Al César lo que es del César, pero...

Carolina Cuenca
Por Carolina Cuenca

Entre las muchas cosas que se dicen, pintan, ejemplifican y pontifican en estos días sobre la situación generada por el pedido de enmienda constitucional por parte de los partidarios del presidente Cartes y del ex obispo y ex presidente Fernando Lugo para darles chance de nuevo a acceder a la presidencia del país, el mbarete con el que se trató dicho pedido en el Congreso y la consiguiente indignación del pueblo, así como la lamentable pérdida humana de un joven, hay una perspectiva que quizás sea un aporte genuinamente cristiano al bien común, y no sé si por la Semana Santa que se acerca o qué, creo que vale la pena considerar también.

El evangelio de Mateo relata en el capítulo 22 un encuentro más que comprometedor para Jesús, cuando enemigos acérrimos entre sí como lo eran los fariseos (cumplidores de la ley mosaica y desconfiados del gobierno romano) y los herodianos (partidarios de la helenización de los judíos), se unen en un consejo para sorprender a este odiado rabino que se está volviendo influyente y tener así de qué acusarle para matarle.

La pregunta capciosa fue antecedida de una lisonja: "Maestro, sabemos que eres veraz y que enseñas el camino de Dios con franqueza...". Y luego al punto: "Dinos, pues, qué te parece, ¿es lícito pagar tributo al César o no?". Jesús, al contrario de sus perseguidores, no anda con rodeos y les espeta: "Hipócritas, ¿por qué me tentáis?". Pidió que le mostraran una moneda, ellos le presentaron un denario, y él pronunció una de las sentencias más analizadas del cristianismo en las diferentes épocas y situaciones políticas de la historia: "¿De quién es esta imagen y la inscripción?". Ellos le contestan que es del César.
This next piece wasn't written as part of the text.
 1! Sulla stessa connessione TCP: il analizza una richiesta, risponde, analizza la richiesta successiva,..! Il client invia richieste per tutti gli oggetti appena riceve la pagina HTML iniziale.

Entonces Jesús les dice: "Pues lo del César devolvédselo al César, y lo de Dios a Dios".

Siempre se ha interpretado que con esto Cristo declaró a los cristianos como ciudadanos no exentos de sus obligaciones hacia el bien común, ni mucho menos enemigos del Estado, sino más bien respetuosos de las autoridades públicas.
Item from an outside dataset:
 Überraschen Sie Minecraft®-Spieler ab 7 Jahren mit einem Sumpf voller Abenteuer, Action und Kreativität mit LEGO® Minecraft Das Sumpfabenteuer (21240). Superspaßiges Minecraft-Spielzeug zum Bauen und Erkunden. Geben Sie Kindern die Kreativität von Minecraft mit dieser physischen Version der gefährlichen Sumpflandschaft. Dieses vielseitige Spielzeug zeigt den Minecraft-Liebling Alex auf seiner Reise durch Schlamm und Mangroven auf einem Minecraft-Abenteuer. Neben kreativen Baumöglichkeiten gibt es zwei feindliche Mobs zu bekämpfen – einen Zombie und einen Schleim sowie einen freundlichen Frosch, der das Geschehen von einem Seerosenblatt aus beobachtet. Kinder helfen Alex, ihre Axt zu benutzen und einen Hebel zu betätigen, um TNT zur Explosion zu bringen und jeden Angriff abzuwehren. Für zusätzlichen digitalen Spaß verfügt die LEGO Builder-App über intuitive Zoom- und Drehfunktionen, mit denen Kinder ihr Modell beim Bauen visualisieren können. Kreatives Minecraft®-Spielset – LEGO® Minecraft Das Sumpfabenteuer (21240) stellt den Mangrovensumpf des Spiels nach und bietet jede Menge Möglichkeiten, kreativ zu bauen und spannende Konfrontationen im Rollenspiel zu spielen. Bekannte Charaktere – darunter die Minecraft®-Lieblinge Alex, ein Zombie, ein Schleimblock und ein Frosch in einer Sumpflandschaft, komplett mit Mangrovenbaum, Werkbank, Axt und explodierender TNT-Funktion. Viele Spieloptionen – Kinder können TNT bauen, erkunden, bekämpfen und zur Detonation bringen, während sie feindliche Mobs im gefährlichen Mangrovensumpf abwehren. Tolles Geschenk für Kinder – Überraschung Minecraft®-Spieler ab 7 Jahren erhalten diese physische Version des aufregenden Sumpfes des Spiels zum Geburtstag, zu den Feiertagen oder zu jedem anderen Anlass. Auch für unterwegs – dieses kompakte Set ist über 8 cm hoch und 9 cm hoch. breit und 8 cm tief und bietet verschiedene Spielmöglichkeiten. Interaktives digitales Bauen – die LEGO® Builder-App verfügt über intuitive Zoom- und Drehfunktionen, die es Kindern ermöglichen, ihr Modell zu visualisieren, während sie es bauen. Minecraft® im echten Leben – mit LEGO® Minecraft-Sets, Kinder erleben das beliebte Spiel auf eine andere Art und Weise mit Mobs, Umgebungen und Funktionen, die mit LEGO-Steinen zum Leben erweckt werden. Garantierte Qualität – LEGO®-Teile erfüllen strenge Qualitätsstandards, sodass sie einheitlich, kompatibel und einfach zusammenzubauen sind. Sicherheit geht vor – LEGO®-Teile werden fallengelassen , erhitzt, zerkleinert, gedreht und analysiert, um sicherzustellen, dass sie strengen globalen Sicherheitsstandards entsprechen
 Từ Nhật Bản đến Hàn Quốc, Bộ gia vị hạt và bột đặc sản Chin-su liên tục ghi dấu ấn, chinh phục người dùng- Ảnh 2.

Lo justo es dar a cada uno lo suyo, lo que le pertenece. De ahí que no se puede vivir alienados de la situación política, a pesar de las tensiones y desgastes. Lo que no puede ni debe aceptarse es absolutizar las leyes, las decisiones del gobierno temporal, propio del César, ya que las verdades absolutas que afectan a la moral y la fe son de otro orden. Como atestigua San Agustín: El César aparece en su moneda; sin embargo, a Dios se le reconoce a través de los seres humanos. Por tanto, dale al César su riqueza, pero reserva para Dios la inocencia de tu conciencia... Devolvamos a Dios siempre intacta su imagen, no entumecida por la altanería de la soberbia, no marchita por la lividez de la irascibilidad, ni encendida con las llamas de la avaricia.
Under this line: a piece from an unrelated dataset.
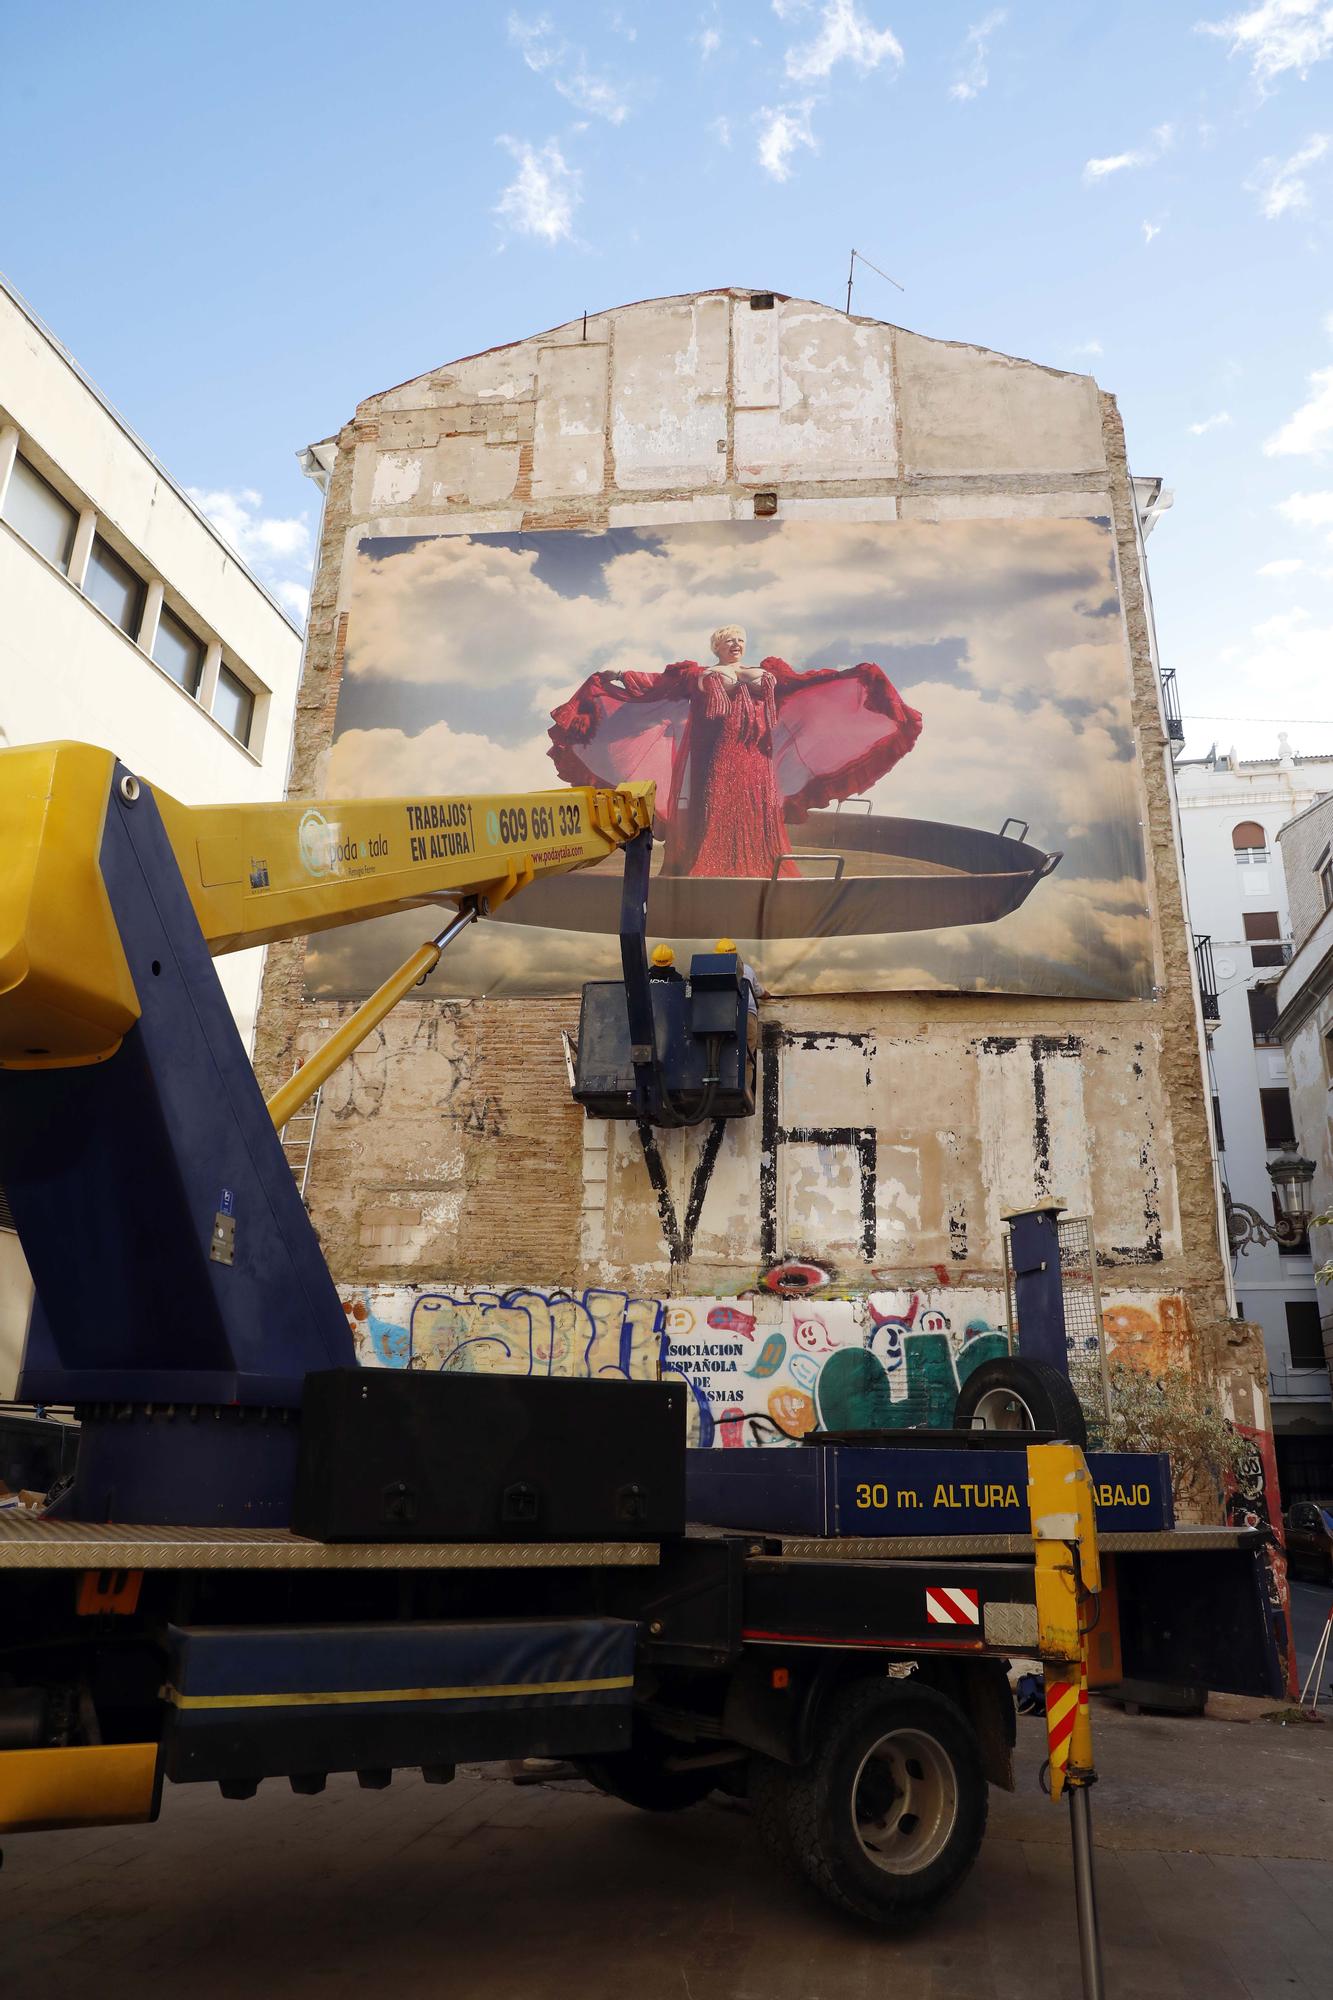 El mural de Rosita Amores vuelve a la calle Corretgería

Ojalá podamos discernir lo que en la discusión actual puede repercutir realmente en nuestras libertades básicas, en la justicia esencial, en los valores, en la vida, en la familia y en la propiedad de los ciudadanos. No nos dejemos llevar por la emotividad y razonemos con sana autocrítica para resolver los conflictos sin estropear ni perder la bella imagen del Creador en las personas de todos los bandos.